I could feel her start to come out and once her head was out it only took once more for her to come into the world, with M catching her on the way out. She was blue and quiet but full of life, more alive than anyone or anything I had ever seen before. They held her up and will never forget that first look at her perfect body and big eyes and what I thought was a round head (it was quite coned at the back at first, but I didn't realize at the time, haha). They let us touch and hold her for a second, but took her to check since she wasn't screaming or breathing much right away. The birth had been fairly traumatic for her, I believe now, and it's no wonder. I pushed for nearly 3 hours, and she was "sunny-side up," meaning she was faced upwards, not down, like babies are supposed to come, to make it easier to move through and out of the birth canal. So her face had been pushed against my tailbone the entire time, meaning it looked perfect and unblemished, while the back of her head remained a deep purple bruised for a few weeks. It was hard to take her hat off sometimes to see it because it looked so painful on her brand-new, baby soft skin.

They quickly gave her back to us and she laid on my chest for what felt like a million of the best years of my life, and she just stared at us. It was incredible how focused and alert she was; she even lifted her head to look up and stare right into my eyes, and then into M's. We just watched her and held her, and she was still a part of me, and it was incredible and powerful. She was so serene. (We learned within 24 hours that she was a lot louder and could be a lot less serene, but the moment was something I could never forget).
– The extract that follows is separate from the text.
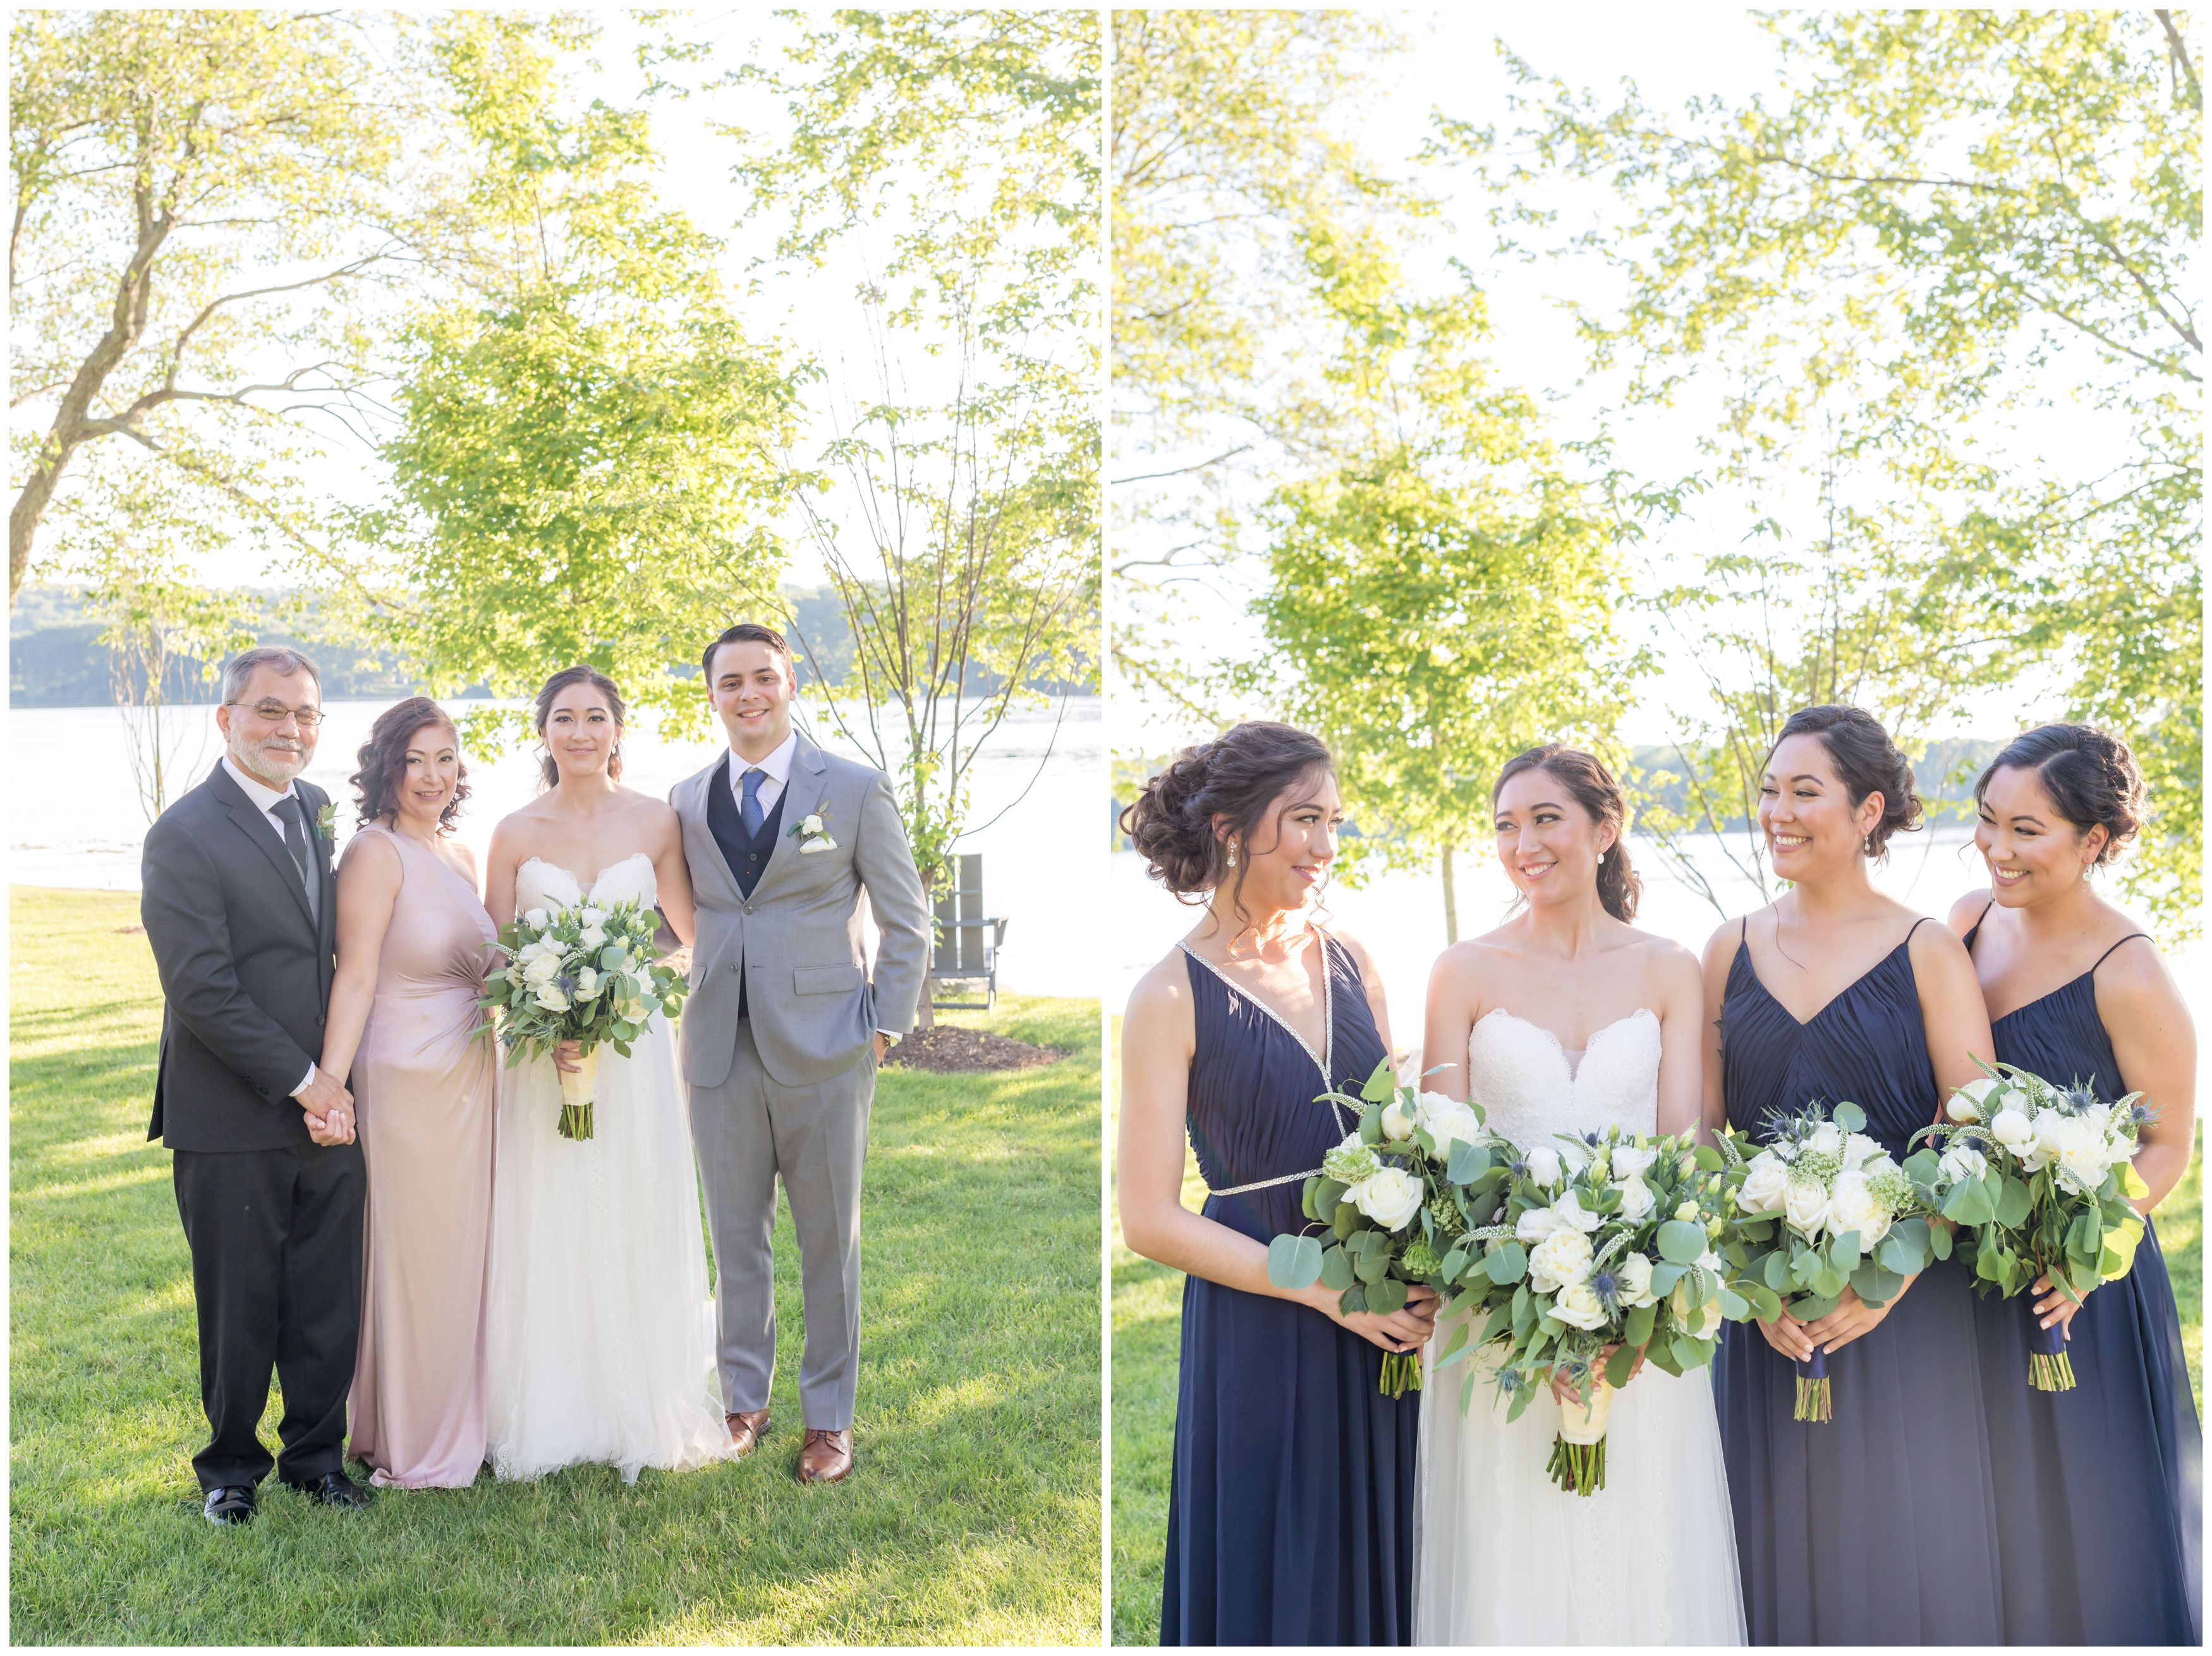 Brides family at outdoor lakeside ceremony

I was so tired and they took a while to sew me up, but I didn't care, because she was with us. We tried having her nurse and she was a champ and latched and got some colostrum and got sleepy. M wrapped her up, they put a hat on her head, and they handed her to me as they wheeled us to our recovery room. She lay in a little clear bassinet while I lay in a bed, unable to stand by myself yet since the epidural had worked well enough on my left side to numb that leg entirely. Matt lay on the little couch and we all fell asleep, but not before I lifted myself to look down at her and take my first picture (of millions and millions) of my precious and perfect and astounding new child. Then I rested. For the last time in a while :)



It took me so long to get this done because I loved remembering it (in hindsight at least, with the pushing part) and taking time, but meant to have it done by her first birthday. I forgot until I looked on here that it was almost complete! So here it is for me to forever remember --not that I could forget.